Always Faster Faster Poem by gershon hepner

Always Faster Faster



74 kilometers per second per parsec,
each one of them some 3.2
million light years, plus a few,
is Hubble’s constant. Makes me car sick
to think about the way that distance,
which some say makes the heart grow fonder,
to lose what, closer, was resistance,
makes galaxies in dark-spaced yonder
move from us, always faster faster,
according to the constant Hubble
discovered, distancing disaster
from universal crash disaster.
Cosmic expansion, like the heart’s,
can’t be explained by me concisely;
astronomers’ and poets’ charts
describe them somewhat imprecisely.

Dennis Overbye writes about attempts to measure cosmic expansion, occurring at the rate defined by the Hbble constant, more closely (“The Struggle to Measure Cosmic Expansion, ” NYT, August 19,2008) :
Hoping to understand why the universe seems to be coming apart at its seams, a young astronomer and his colleagues have embarked on one of the oldest quests in cosmology, to measure how fast the universe is growing, how big it is and how old it is. That information is encoded in the value of an elusive number known as the Hubble constant that has led astronomers on a merry chase for three-quarters of a century. “It is the most fundamental number in cosmology, ” said Adam Riess,38, an astronomer at the Space Telescope Science Institute and Johns Hopkins University, and one of the discoverers 10 years ago that some kind of “dark energy” is speeding up the expansion of the universe.This spring, in what he called “a triumph of metrology, ” Dr. Riess announced that he and his comrade, Lucas Macri of Texas A&M University, had used the Hubble Space Telescope to make the newest and most precise measurement yet of this parameter.

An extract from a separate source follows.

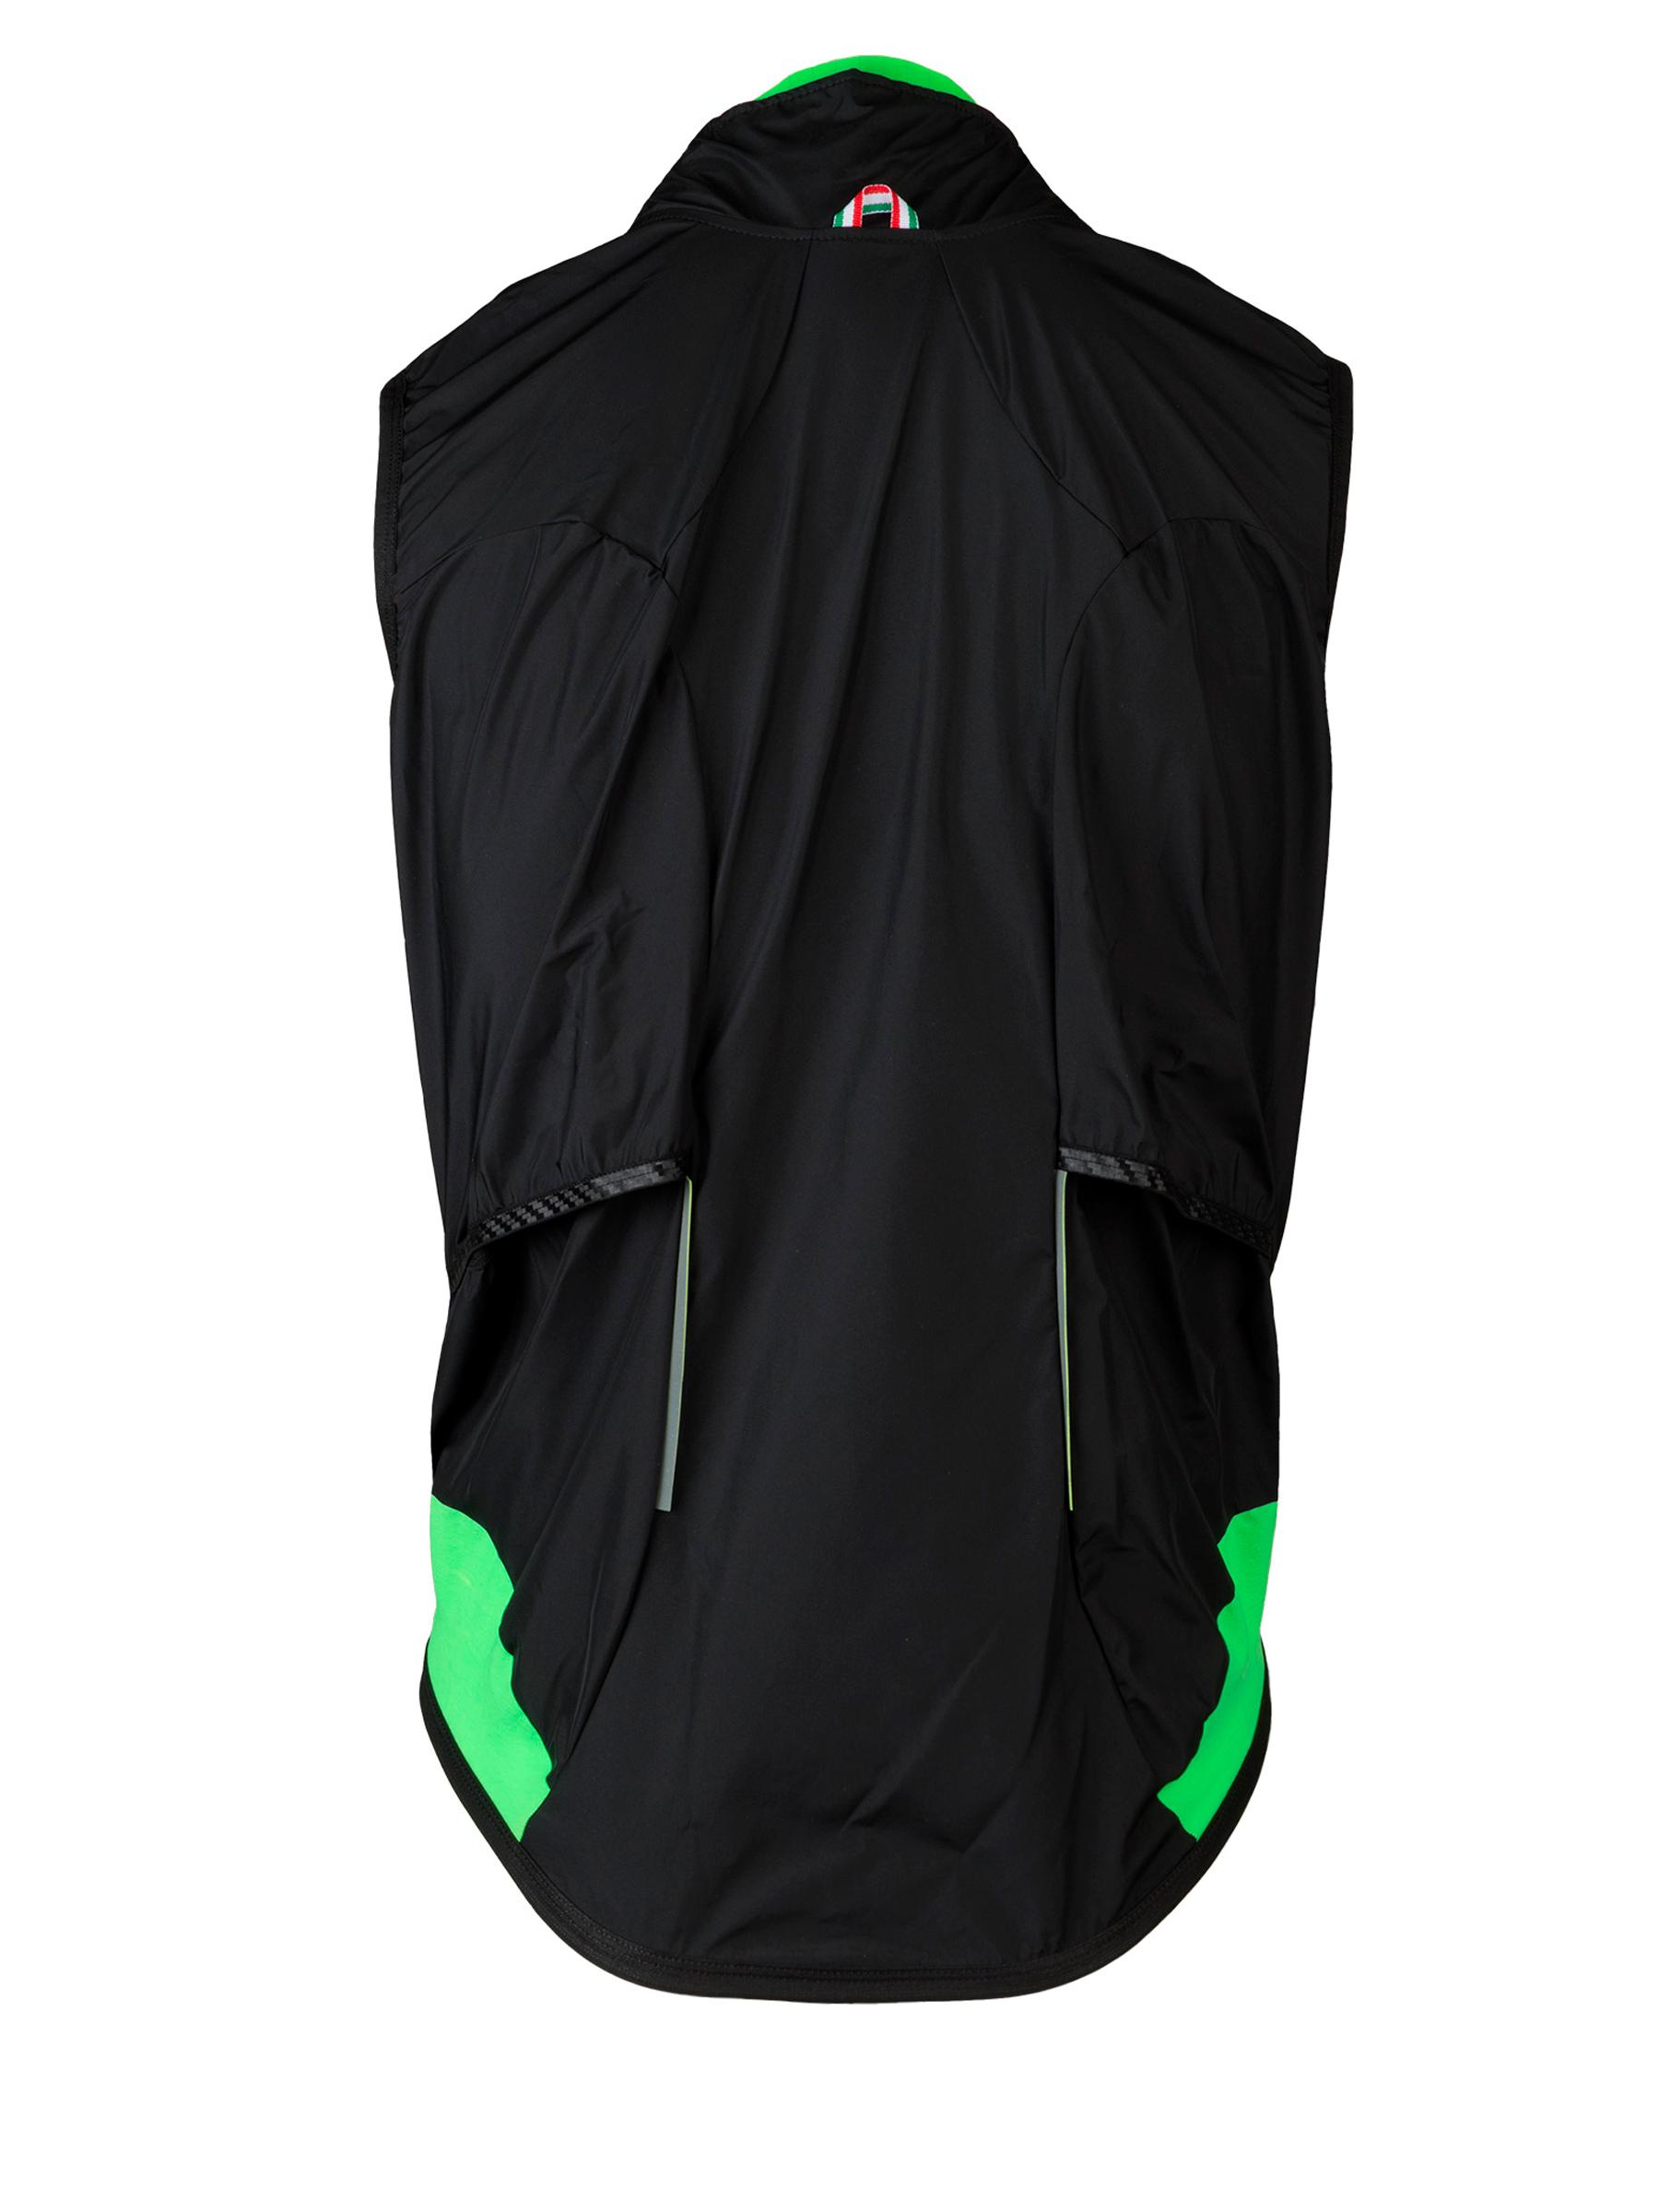 R. Vest Protection

Expressed in the quaint terms astronomers favor, the Hubble constant, Dr. Riess reported, is 74 kilometers per second per megaparsec. It means that for every additional million parsecs (about 3.26 million light-years) a galaxy is from us, it is going 74 kilometers per second faster. The news was not in Dr. Riess’s value, which, reassuringly, agreed roughly with the result from an earlier space telescope team led by Wendy Freedman, the director of Carnegie Observatories, and with calculations based on measurements of relic radiation surmised to be left from the Big Bang, but in the precision with which his group claimed to have measured it: an uncertainty of only 4.3 percent. Only 30 years ago, distinguished astronomers could not agree within a factor of two on the value of Hubble’s constant, leaving every other parameter in cosmology uncertain by at least the same factor and provoking snickers from other fields of science. But this is the age of so-called precision cosmology. “I’m not saying we’re going to get to 1 percent, ” Dr. Riess said, “but we might.”